Real tough. In Islamorada. Especially for diy. It was real hot when we went last month and the temps on the flats were important to find fish


----------



## ngarcia11892 (Apr 16, 2019)

redfisher326 said:


> If it were hunting I would say get ready to burn boot leather. It took me 4 months of fishing about 3 - 5 times a month to start seeing them regularly. Seeing a fish is a good day if you are just starting to DIY. I have had luck on the last of the outgoing, but my buddies say their luck comes on the first of the incoming. The best know what flat they like on all conditions of the tide I am no where close to that. I would say look for current over flats or banks transitioning from deeper water. You might see bonefish, but you will definitely see sharks, cudas, bar jacks and maybe some sea turtles. Going to Biscayne is like poling through an aquarium. Slow down and enjoy it any game fish you find are a huge bonus for a first time. If you are not a gamefish snob you can have a lot of fun and get a ton of practice casting to Cudas and Sharks. Just make sure the hooks are something that will rust out fast. Best of luck and I will keep my fingers crossed for some calm winds for you. This August has felt like a hot March with all the wind.


I’ll definitely burn some leather looking for em. I got some spots I wanna check but who knows. My back up plan is tarpon especially at night so the week won’t be a skunk but hopefully I can knock some new species off the list!


----------



## ngarcia11892 (Apr 16, 2019)

What ramp would you guys recommend launch at? all the ones I find dont open til at least 730 or 8 and I was hoping to be on the water on the flat by then. I saw some spots on the causeways that look like they can be launches for small boats but im not sure. One example is one I saw on the causeway connected to turntable key.


----------



## Atlanticus (Feb 1, 2019)

ngarcia11892 said:


> Im going to have my skiff down in Miami the week of august 22nd, I want to target bonefish and permit both in Miami and Islamorada. What do you guys look for for these species, ive only fished for bonefish once and saw a school but no dice. Any advice? also how are the dock lights at n


Burn some book leather: "Fly Fishing for Bonefish," by Dick Brown.


----------



## ngarcia11892 (Apr 16, 2019)

sweet ive been looking for a book to read thanks. I also heard Stu Aptes Fishing the Florida keys and flamingo is a good one


----------



## redfisher326 (Oct 26, 2021)

ngarcia11892 said:


> What ramp would you guys recommend launch at? all the ones I find dont open til at least 730 or 8 and I was hoping to be on the water on the flat by then. I saw some spots on the causeways that look like they can be launches for small boats but im not sure. One example is one I saw on the causeway connected to turntable key.

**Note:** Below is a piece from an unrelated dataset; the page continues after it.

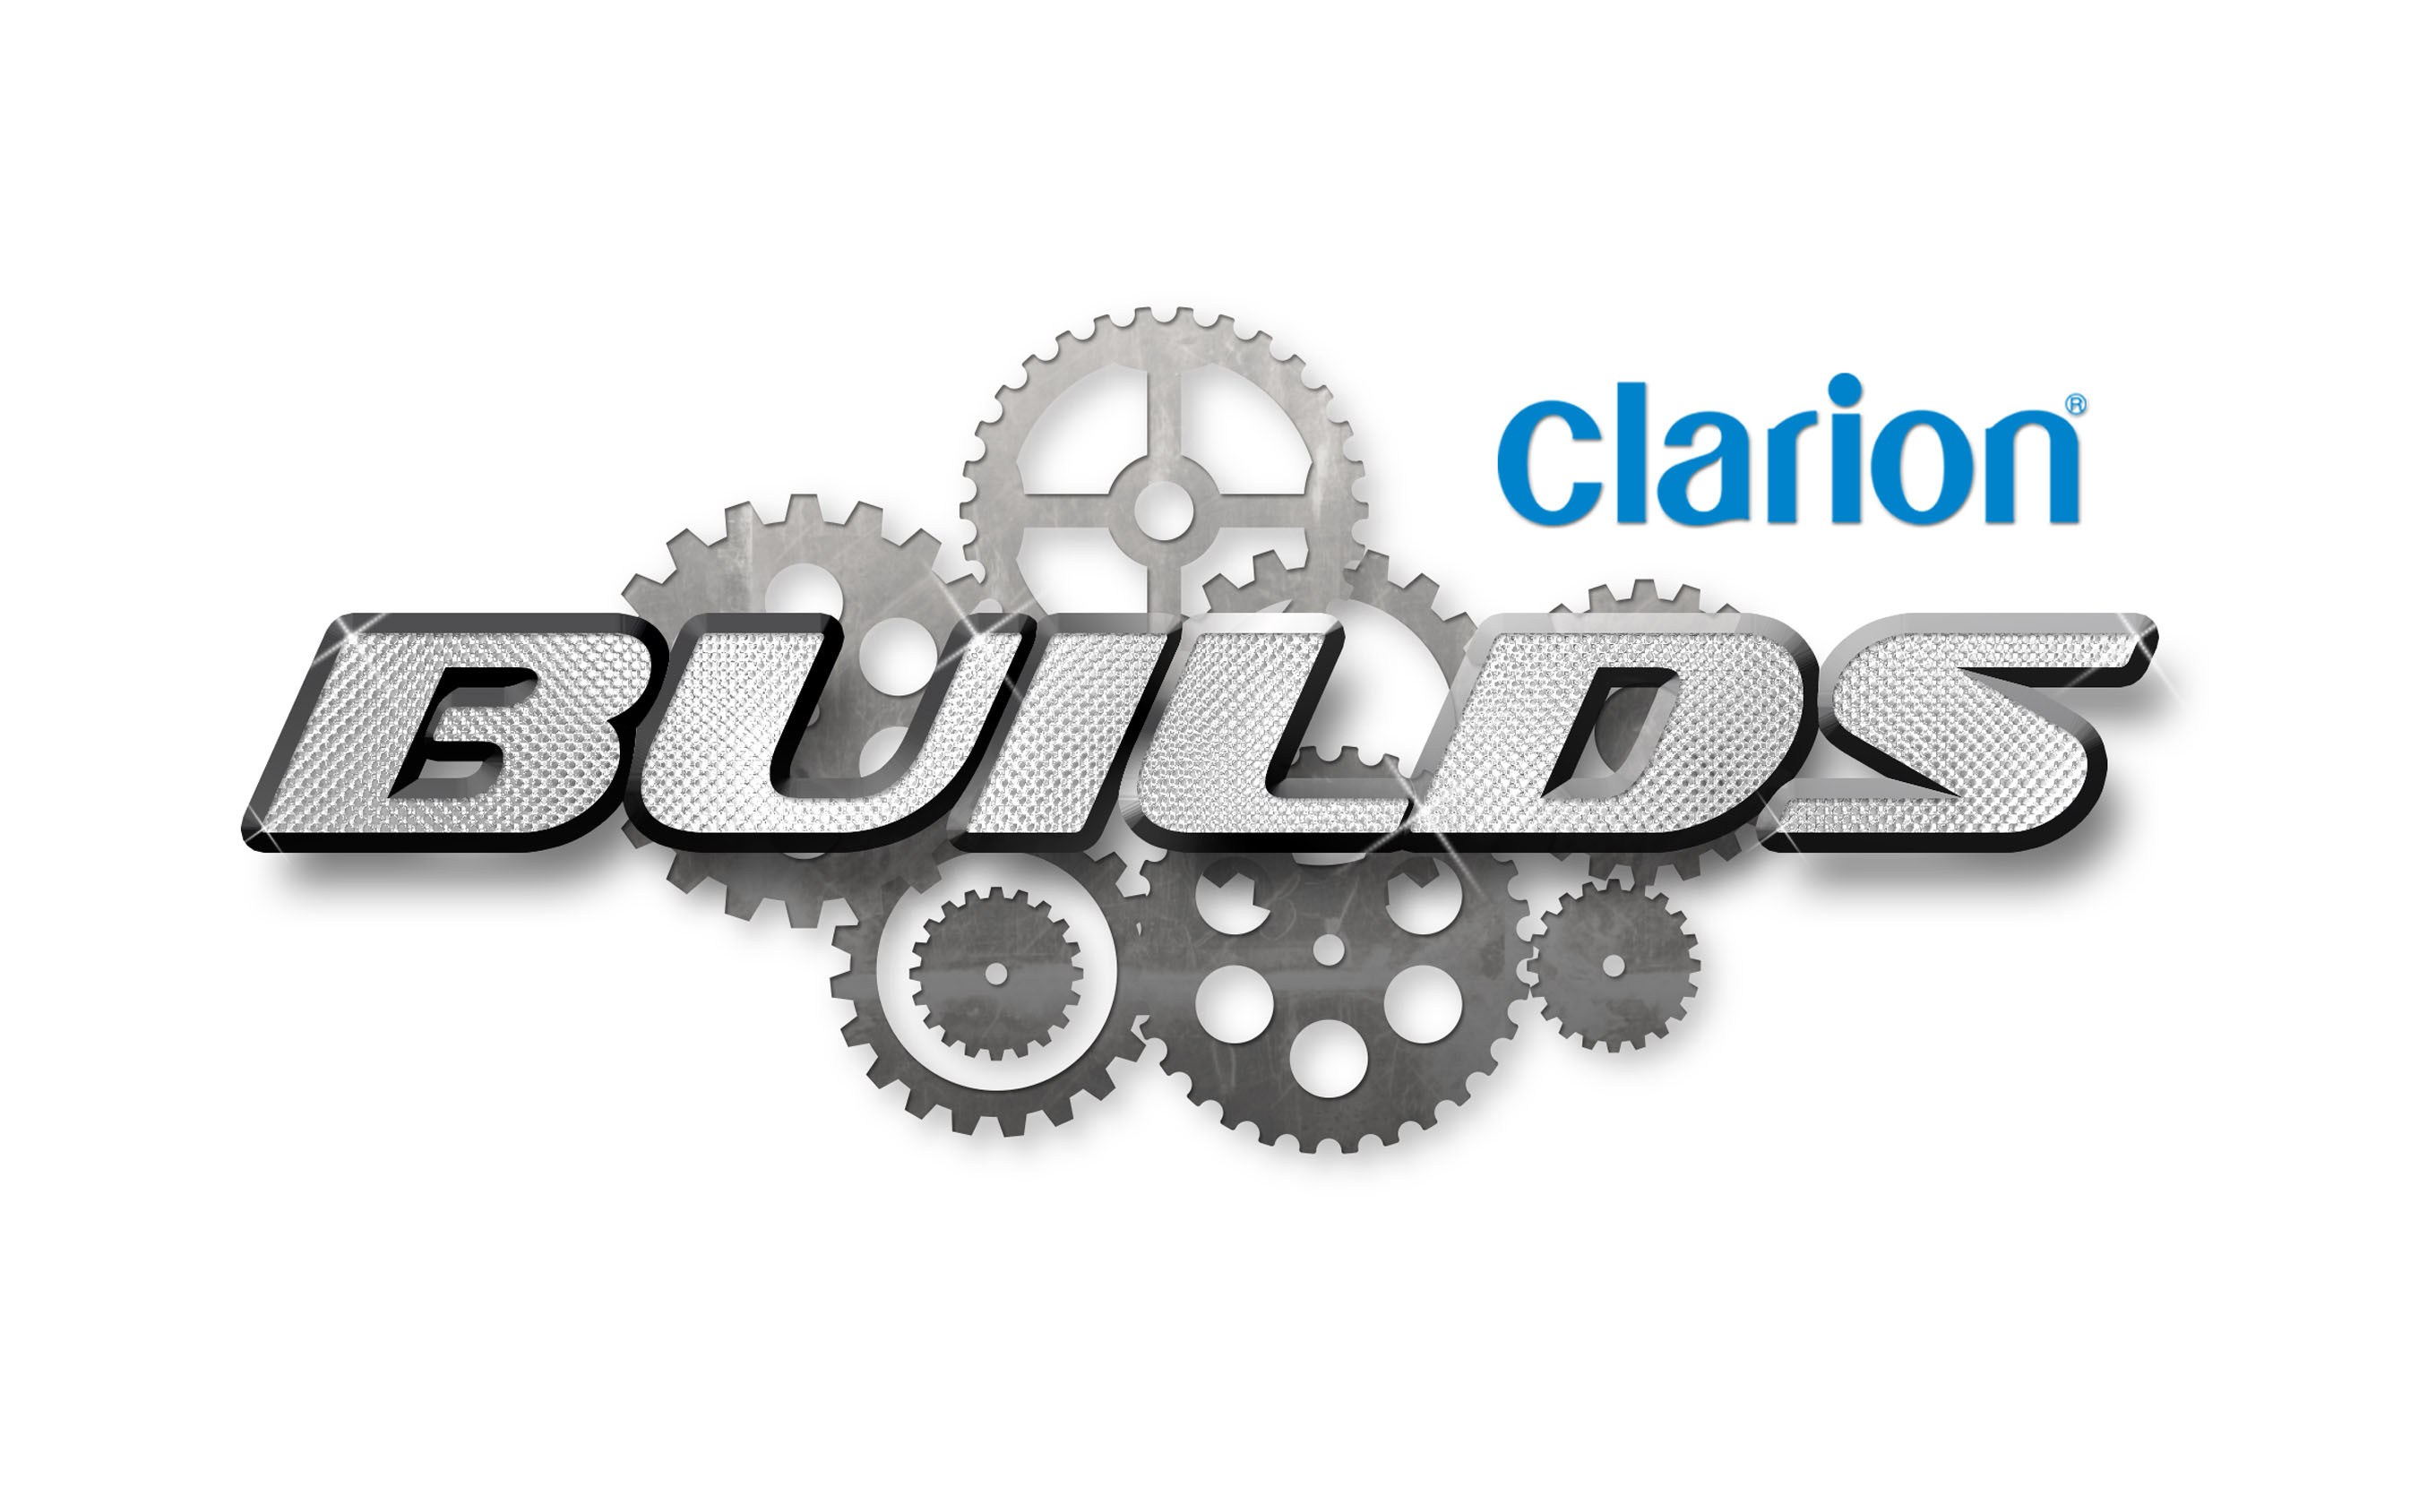 Clarion Builds is an innovative marketing program initiated by Clarion Corporation of America to tackle unique restoration projects of iconic cars and trucks in cooperation with key partners hand-selected for each individual project. The program is designed to connect with new and existing fans who are car enthusiasts, automotive sports fans, journalists, historians, and anyone with an interest in design and style, through a mix of social and traditional media.  http://www.clarionbuilds.com/ . (PRNewsFoto/Clarion Corporation of America) (PRNewsFoto/)
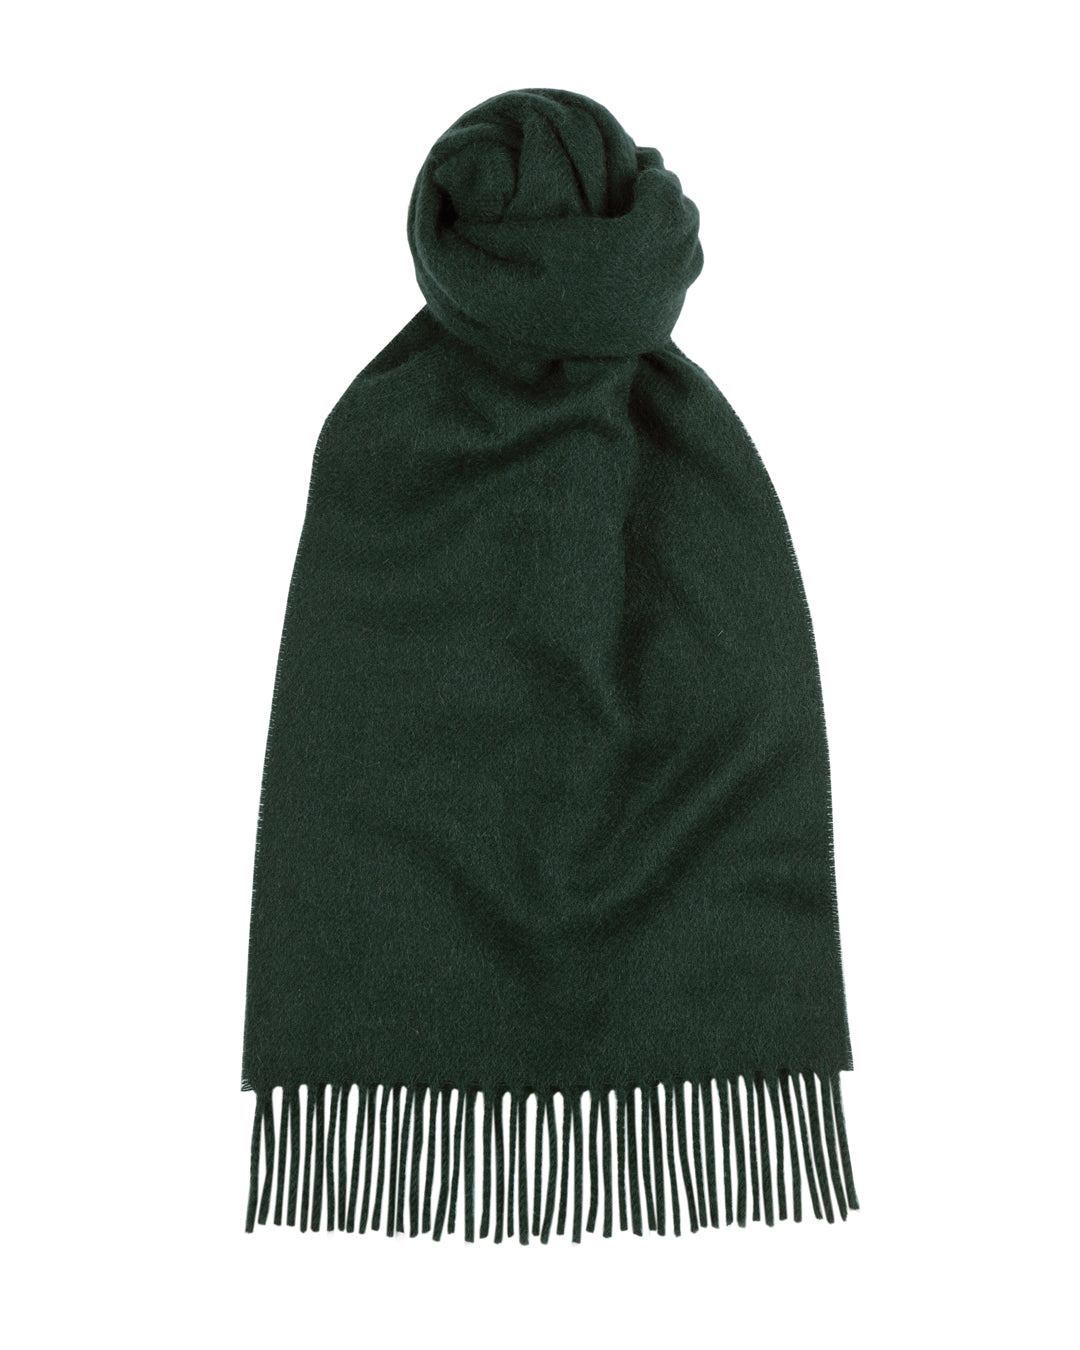 SALE - Limited Edition Cashmere Scarf

Public ramps that open early are hard to find in the keys. If you can leave your boat in the water someplace over night that’s a better bet. You might luck out and find a cheap motel with water access. Most ramps down there are $40 a day minimum.


----------



## Miami Maritime (May 25, 2020)

Anyone have any general areas in Biscayne Bay or close to Miami to recommend for bones? I have about 6 trips trying to target them and haven’t seen a fish yet. Thanks


----------



## EasternGlow (Nov 6, 2015)

Miami Maritime said:


> Anyone have any general areas in Biscayne Bay or close to Miami to recommend for bones? I have about 6 trips trying to target them and haven’t seen a fish yet. Thanks


keep trying on your own. Finding them is the hardest part. I know where they are a lot of times, but that’s because I spent a lot of time and fruitless trips figuring them out.


----------



## Str8-Six (Jul 6, 2015)

Miami Maritime said:


> Anyone have any general areas in Biscayne Bay or close to Miami to recommend for bones? I have about 6 trips trying to target them and haven’t seen a fish yet. Thanks


My best advice is to focus on finding them not seeing them. Bonefish are not easy to spot due to their mirror like scales and it’s harder to spot them in deeper water. Try throwing skimmer jigs in areas you think will hold fish. If you are catching other fish like snappers it’s usually a good sign.


----------



## Miami Maritime (May 25, 2020)

I have been “chumming” with shrimp. Does anyone else do this? Also can you use frozen shrimp?

Thanks


----------



## lemaymiami (Feb 9, 2007)

Down here in paradise (south Florida), the bonefish scene is nothing like it was years ago - but still worth learning... If I were fishing the Miami area I'd ramp at either Crandon Park (Key Biscayne) or Homestead Bayfront Park... Haven't launched out of either in a few years but both ramps should be open 24-7 (get the number for Homestead to verify). Ramp fees are still around $20, but for Key Biscayne you'll also be paying the Rickenbacker causeway toll... Don't even think about fishing out of either place on a weekend (the voice of experience...) unless your'e going to be off and away from the ramp an hour before dawn (and back well before noon...).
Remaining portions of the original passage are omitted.